团队介绍
Computer architecture, Mobile storage and AI storage
Now my research group has six doctoral students and fourteen postgraduate students.
We warmly welcome students with similar research interests and a love of computer technology to join our team, and we also welcome our colleagues to communicate with us and discuss the technology together.
导师介绍
谭支鹏,博士,教授,博士生导师,武汉光电国家研究中心信息存储与光显示功能实验室主任助理。华中科技大学计算机系统结构专业博士学位,研究方向计算机系统结构、大数据存储与管理、移动存储等。在计算机软件与理论和计算机系统结构信息存储技术两个研究领域从事过较长时间的系统专门研究,取得了一定的研究成果,具备较强的软件开发能力。作为项目骨干完成了863重大专项项目“国产通用数据库管理系统研发”(已经结题并取得良好经济效益);国家973重大基础研究计划项目 “下一代互联网信息存储组织模式和核心技术研究”(已结题);国家973重大基础研究计划项目 “面向复杂应用环境的存储理论与关键技术”(已结题);作为项目负责人主持国防预研重点、国防预研基金、电子基金、IBM、华为,中船重工,海康威视等重要企业合作项目近30余项,合作经费千余万元。同时作为主要成员完成了存储备份和磁盘阵列等项目的产业化项目,取得了较好的经济效益。目前主要研究方向是分布式并行文件系统、移动存储与大数据存储管理等,从系统结构、数据的组织和分布式存储系统编码及性能优化等方面,为用户提供稳定、可靠、安全的高效存储服务。在TCAD、FGCS、JPDC、ICPP、ICCD、DATE、ICA3PP等权威学术期刊和会议上发表学术科研论文50多篇。申请发明专利20项、其中已授权12项。获湖北省科学技术进步一等奖二项、国防科学技术进步二等奖一项,中国电子学会科学技术进步二等奖一项。

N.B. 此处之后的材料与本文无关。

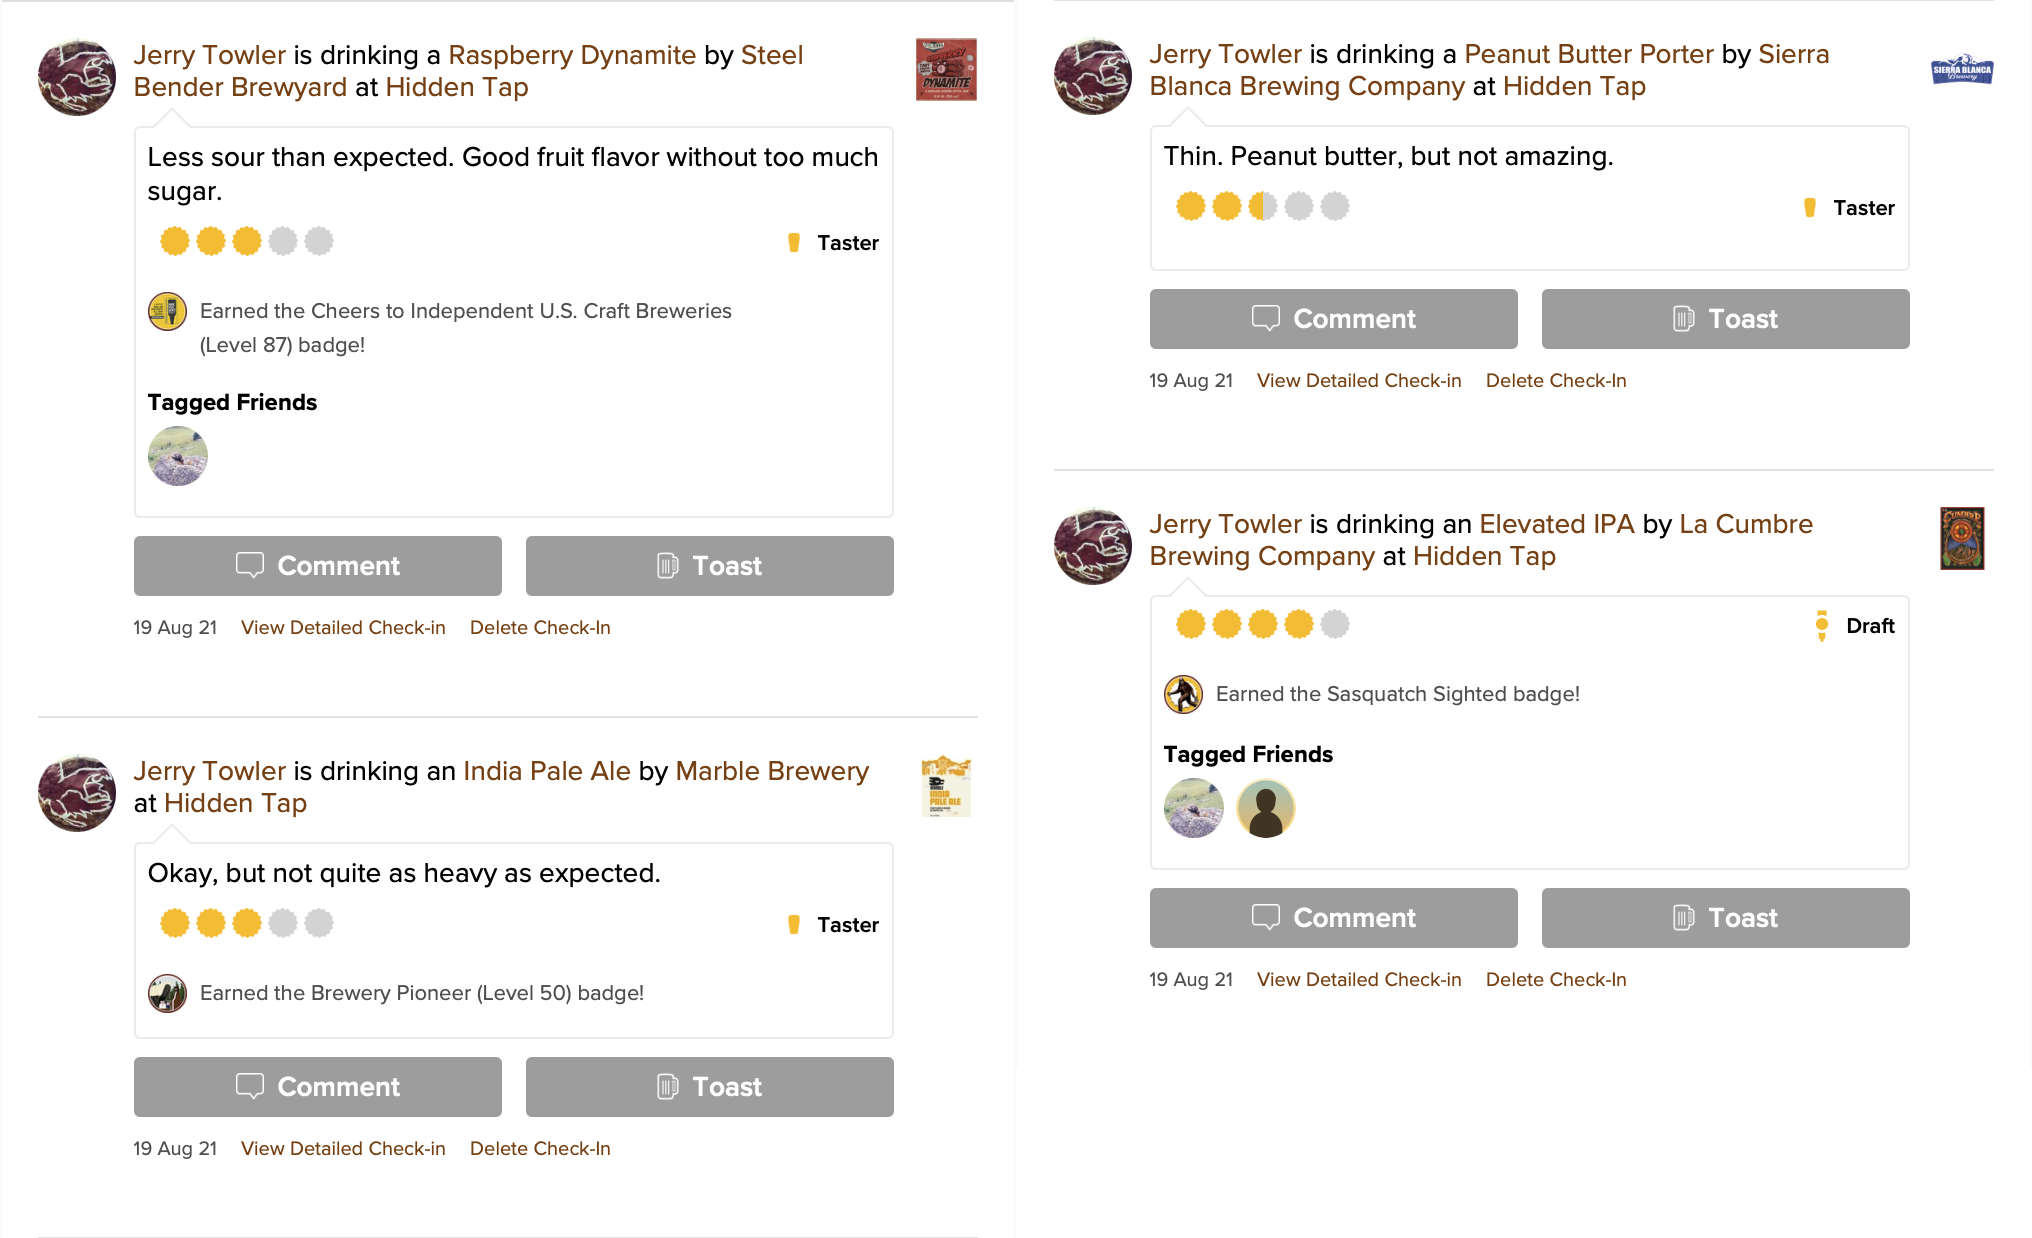 Untappd checkins for beers available at the Hidden Tap.
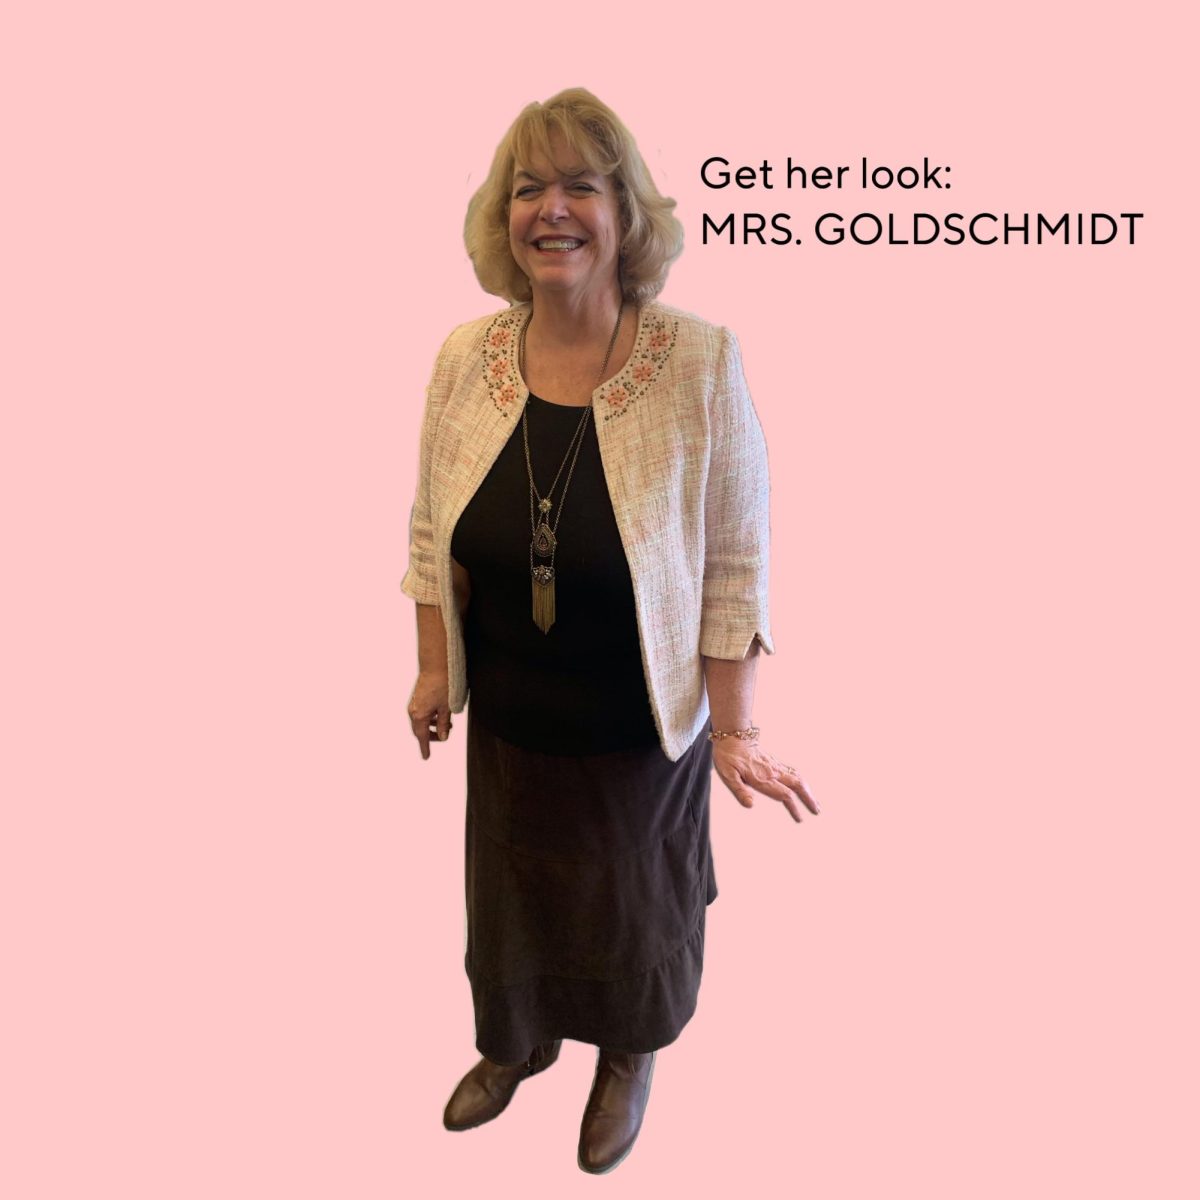 Mrs.+Goldschmidts+fabulous+original+outfit.+Shes+wearing+a+light+pink+tweed+gingham+jacket+%28very+Scream+Queens+of+her%29%2C+that+has+pink+and+brown+floral+embellishments+on+the+collar.+She+matches+the+pink+flowers+on+her+jacket+with+a+similar+pink+bracelet+and+flower+necklace.+Dont+you+love+her+attention+to+detail%3F+Mrs.+Goldschmidt+chose+a+simple+black+top+to+wear+as+a+base+layer%2C+along+with+a+brown+tiered+maxi+skirt.+Notice+how+she+matched+the+brown+on+her+skirt+with+the+brown+embellishments+on+her+jacket.+She+pairs+this+outfit+with+a+pair+of+brown+western+boots-very+trendy%21

Zhipeng TAN, Ph.D., Professor, PhD supervisor, Director Assistant of Laboratory of Information Storage and Optical Display Function, National Research Center of Optoelectronics, Wuhan. He got his doctor’s degree in Computer System Structure from Huazhong University of Science and Technology. His research interests are computer system structure, big data storage and management and mobile storage, etc. In the research field of computer software theory and computer system structure, he has researched long time and achieved certain research results and has a strong software development ability; He has presided over nearly 30 cooperation projects with key enterprises, national defense projects, Electronic fund, IBM, Huawei, Honor, OPPO, CSIC and HiKVision. At the same time as the main member to complete the storage backup and disk array and other projects industrialization, these have achieved good economic. He has published more than 50 academic research papers in TCAD, FGCS, JPDC, ICPP, ICCD, DATE, ICA3PP and other top journals and conferences. 30 invention patents have been applied, of which more than 20 have been authorized. It has won two first prizes of science and technology Progress of Hubei Province, one second prize of science and technology progress of national defense, and one second prize of science and technology Progress of Chinese Institute of Electronics. He has guided graduate students and undergraduate students to win Hubei Province Excellent Dissertation Award for many times.
主要学术方向:
1.大数据时代数据中心存储需求多样、存储数据类型复杂和存储设备日新月异,对分布式存储系统构建及系统软件提出了更高要求,围绕提高存储系统性能取得如下成果:
(1)提出了一种关键数据识别标准自适应的方法,对大数据I/O访问延迟进行预测和拟合,建立关键数据识别知识库,解决了关键数据识别的准确度不高的问题,将精准识别的关键数据优化布局,存放在高性能存储设备上,对提高存储系统数据存取性能有非常好的效果。与基于热度的识别和基于成本的识别两种最新方法相比,该方法的I/O响应时间分别减少了10.3%45.6%和16.3%25.1%。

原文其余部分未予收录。